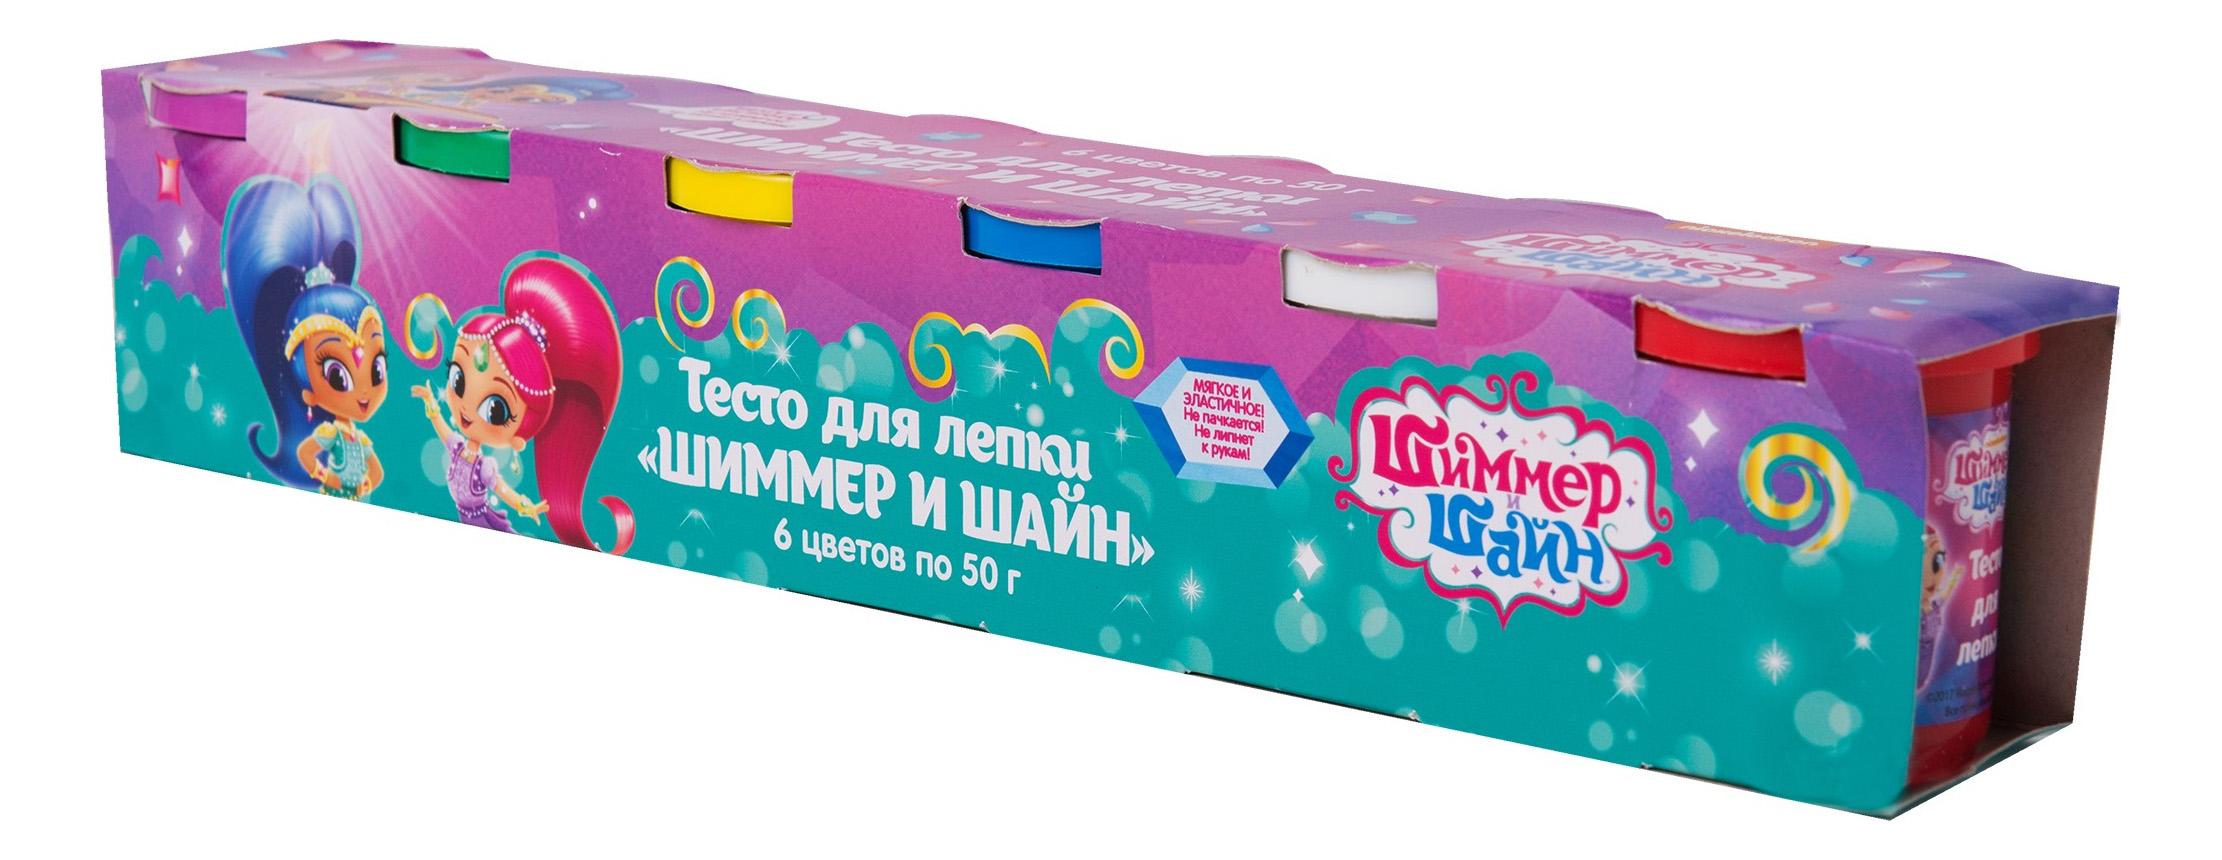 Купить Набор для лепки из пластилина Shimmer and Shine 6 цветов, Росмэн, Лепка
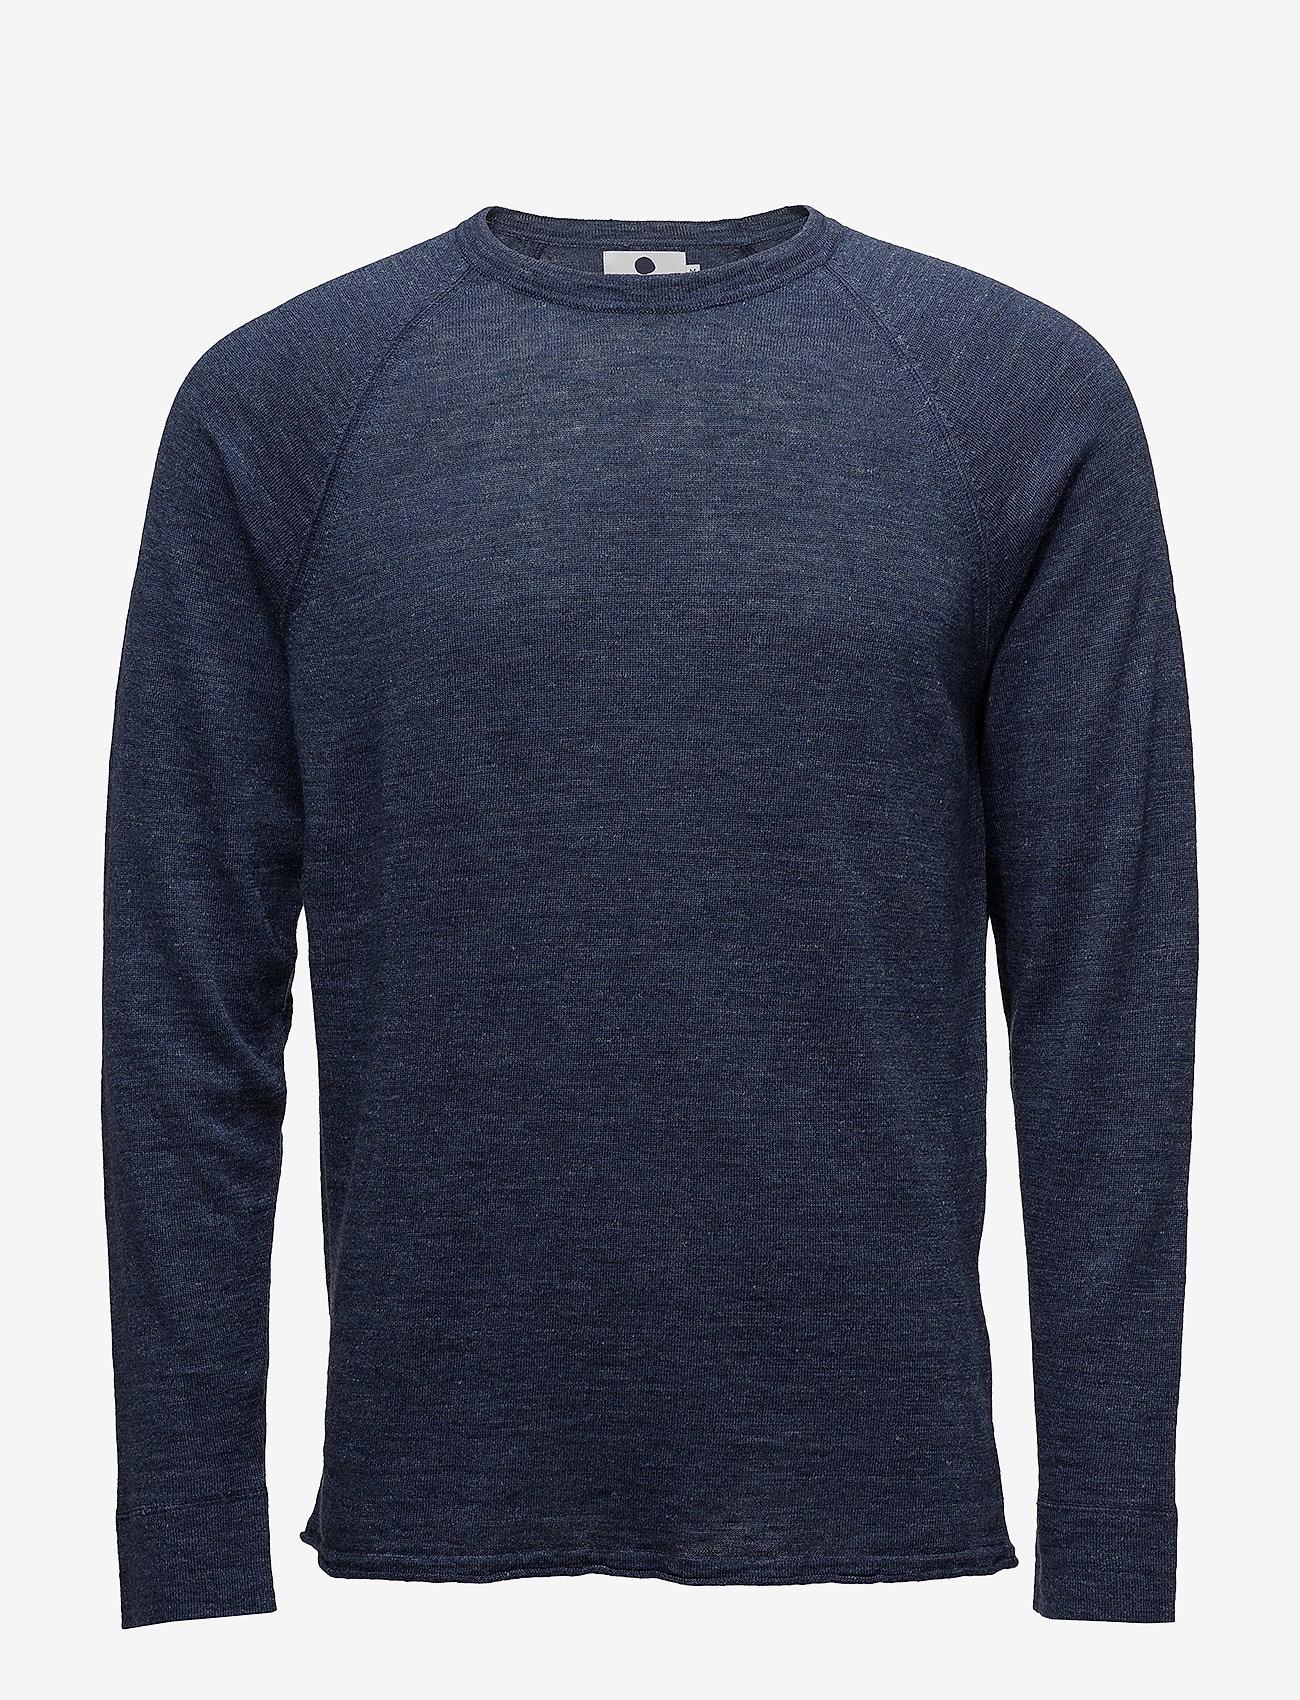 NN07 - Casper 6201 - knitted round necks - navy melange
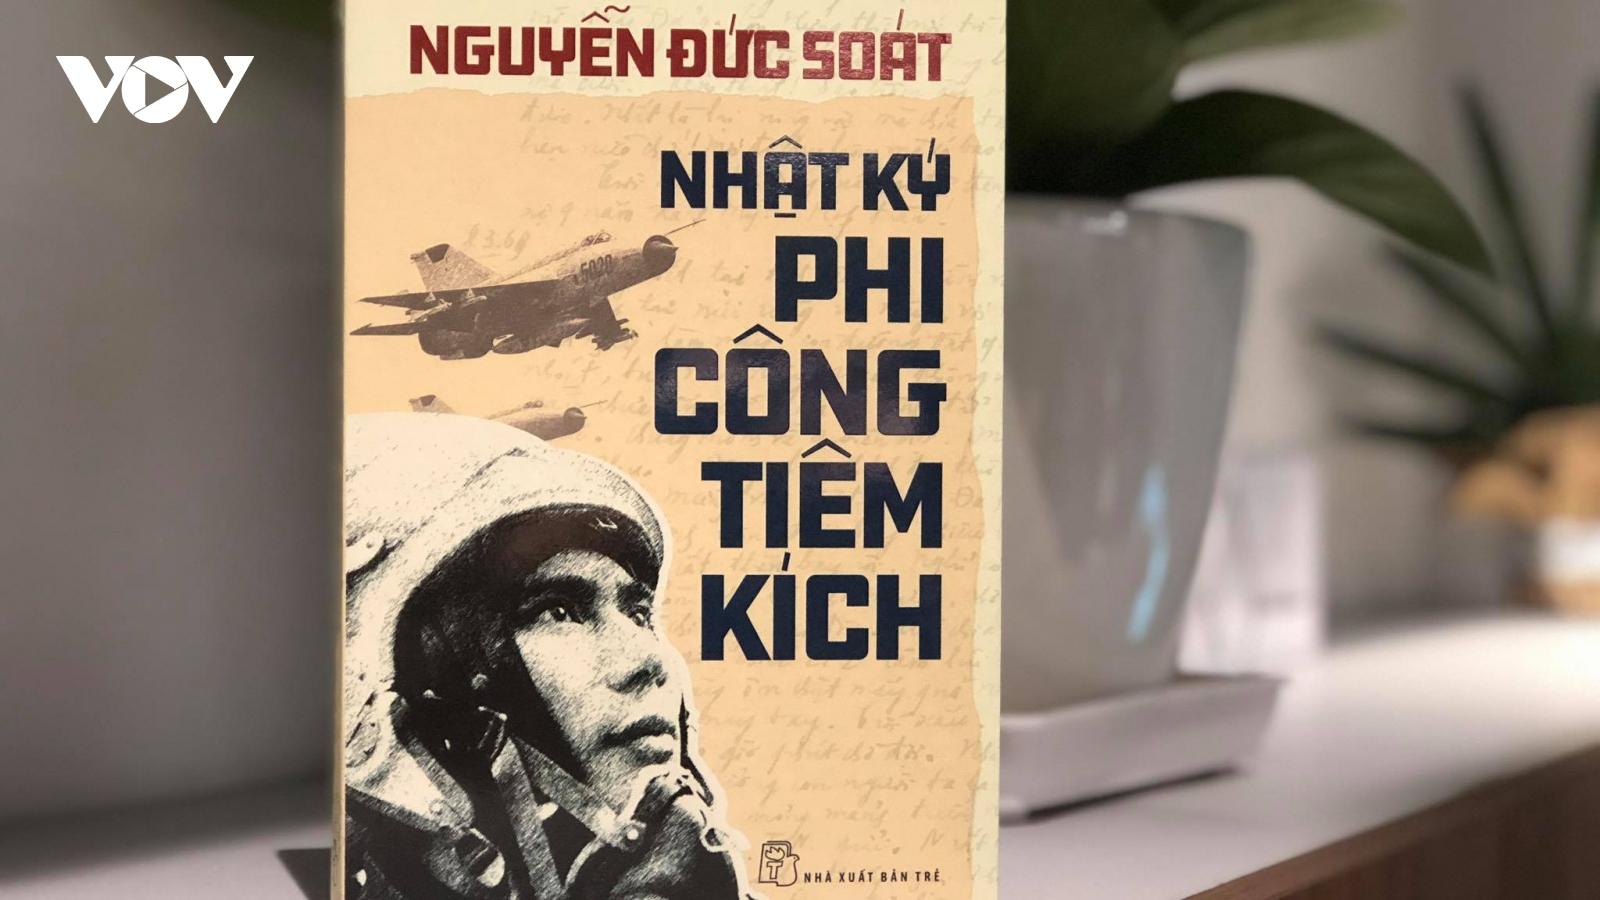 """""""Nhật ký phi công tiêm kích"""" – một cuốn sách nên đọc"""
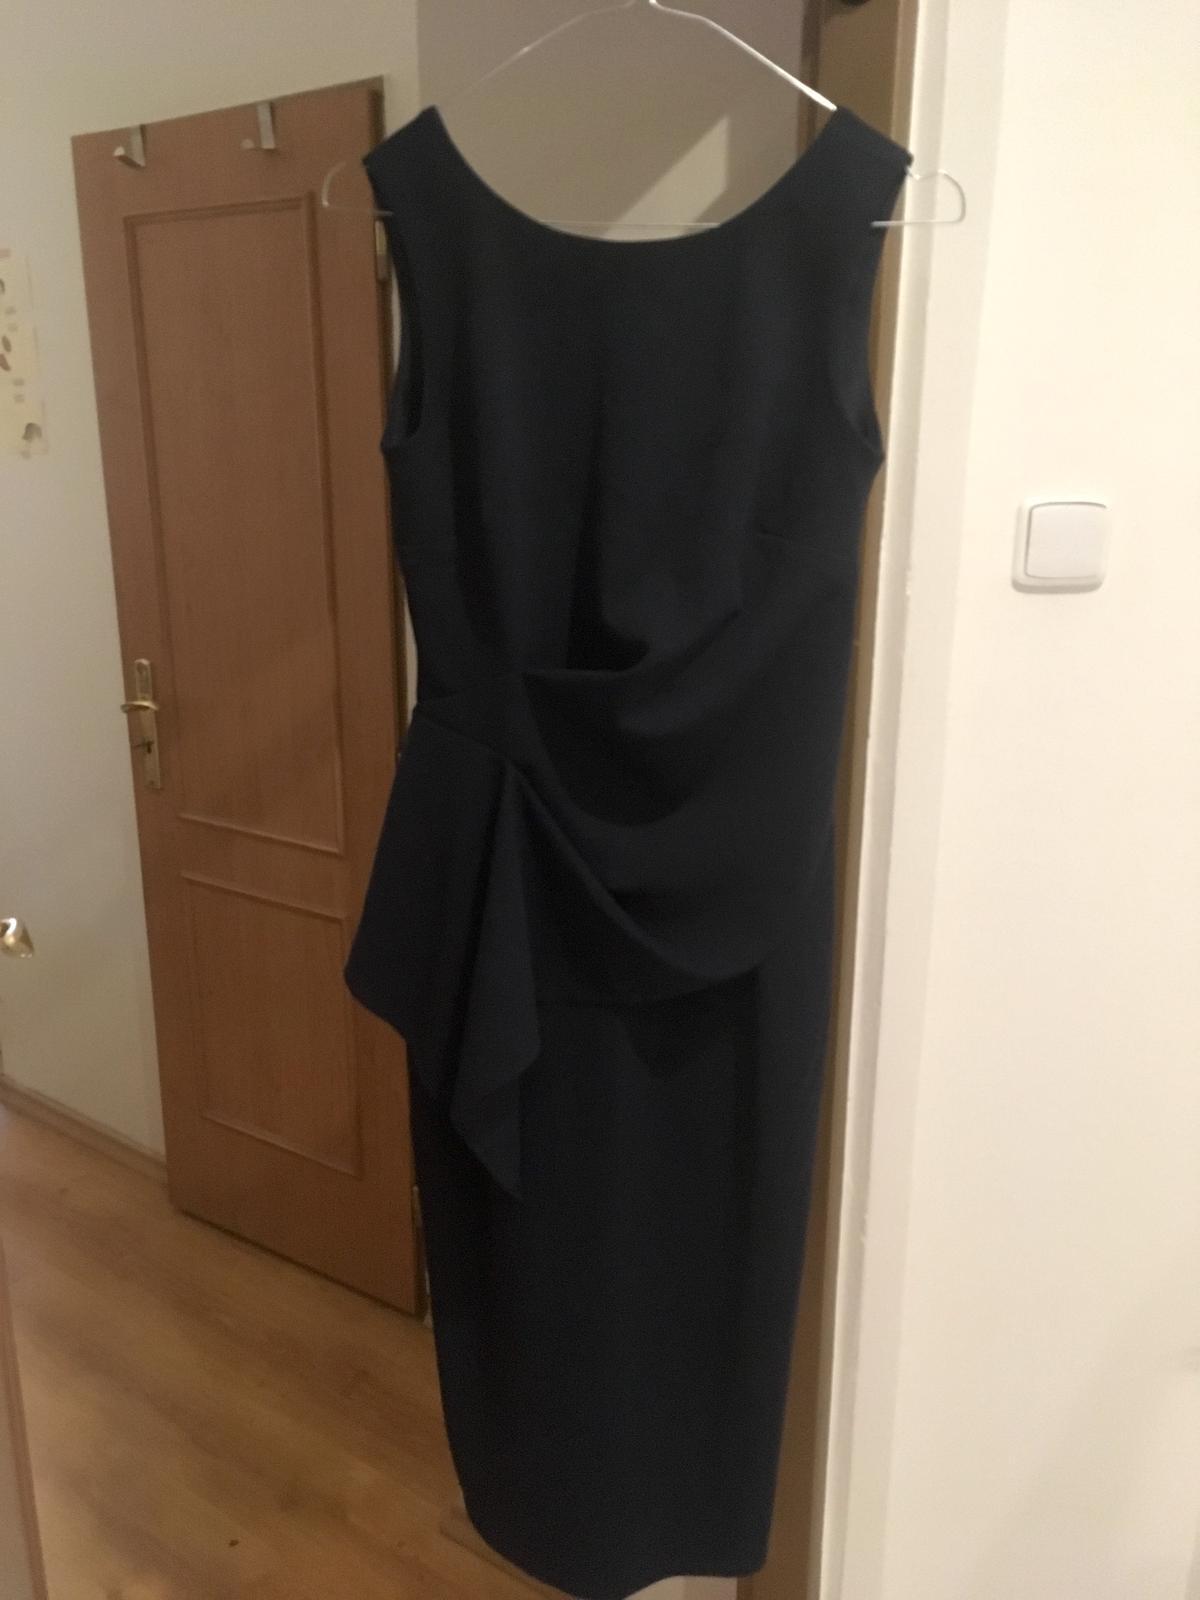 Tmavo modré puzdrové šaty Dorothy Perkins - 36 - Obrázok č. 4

What the task requires:
Beginning with the line containing "ký phi công" and ending with the last line of the data above, repeat each line exactly. Include no pictures and no other lines.

Worked solution:
 """""""Nhật ký phi công tiêm kích"""" – một cuốn sách nên đọc"""
 Tmavo modré puzdrové šaty Dorothy Perkins - 36 - Obrázok č. 4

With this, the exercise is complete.